With TIKA-605, you can now use Tika to parse geospatial file formats! To figure out how, read on.
If you're lucky this will work:
$ brew install gdal --complete
Note if you encounter errors while upgrading to Mavericks here, the answer is to first:
$ brew rm $(join <(brew leaves) <(brew deps gdal --complete ))
Note the above instructions are definitely Mac centric. We recommend checking out GDAL's Website for specific instructions on installing GDAL on your operating system.
Once GDAL is installed, the following command should be available on your path.
gdalinfo
Running gdalinfo
should produce something like:
Usage: gdalinfo [--help-general] [-mm] [-stats] [-hist] [-nogcp] [-nomd] [-norat] [-noct] [-nofl] [-checksum] [-proj4] [-listmdd] [-mdd domain|`all`]* [-sd subdataset] datasetname FAILURE: No datasource specified. |
If that works you are in business!
To use Tika and GDAL grab the 1.7-SNAPSHOT latest of Tika and then grab a geospatial file, e.g., this example will use a Flexible Image Transport System (FITS) file as an example. Then run:
java -jar tika-app-1.7-SNAPSHOT.jar -m WFPC2u5780205r_c0fx.fits
This should produce, e.g.,
ALLG-MAX: 3.777701E3 ALLG-MIN: -7.319537E1 ATODCORR: COMPLETE .. X-Parsed-By: org.apache.tika.parser.DefaultParser X-Parsed-By: org.apache.tika.parser.gdal.GDALParser |
If you see X-Parsed-By: ..GDALParser and a bunch of geospatial metadata, you are in business!
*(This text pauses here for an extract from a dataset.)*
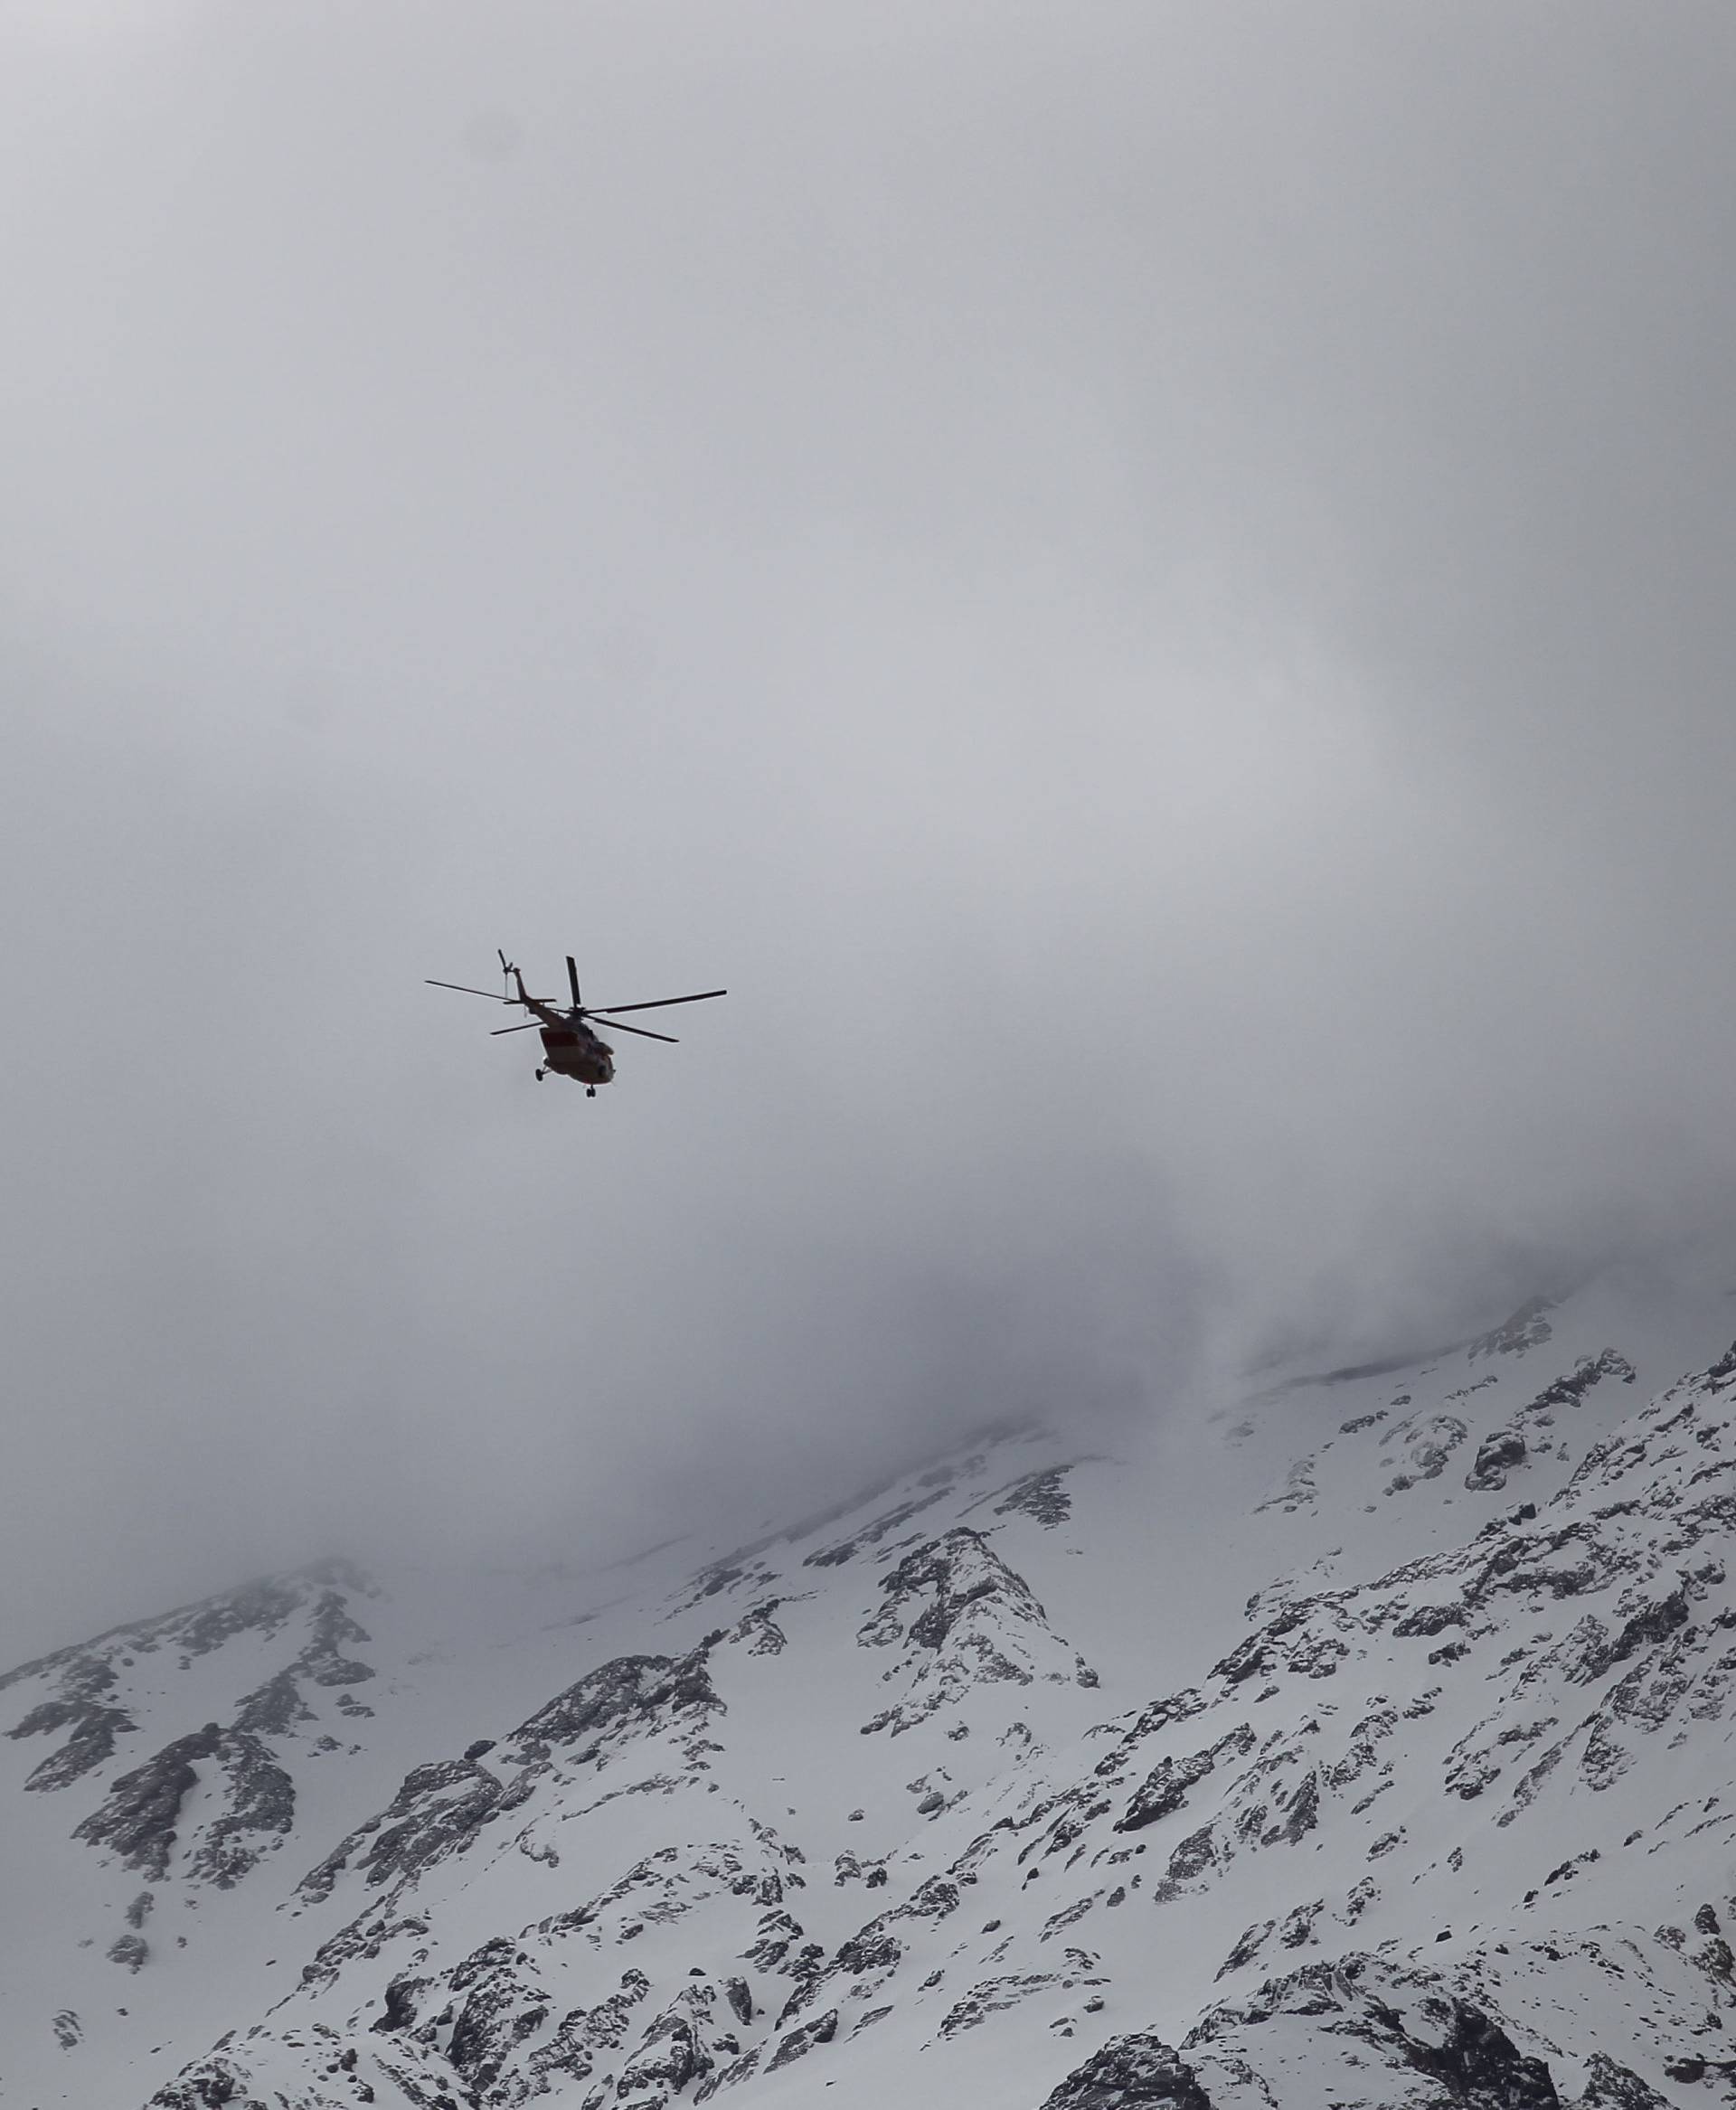 Emergency and rescue helicopter searches for the plane that crashed in a mountainous area of central Iran

Once you have GDAL and a fresh build of Tika 1.7-SNAPSHOT (including Tika server), you can easily use Tika-Server with GDAL. For example, to post a FITS file to the server and get back its metadata, run the following commands:
java -jar /path/to/tika-server-1.7-SNAPSHOT.jar
curl -T /path/to/fits/image.fits http://localhost:9998/tika --header "Content-type: application/fits"
On TIKA-2684, Susan Borda, reports on some important steps to get a full FITS parse with GDAL. See Susan's comment, and her pointer to properly loading fitsio.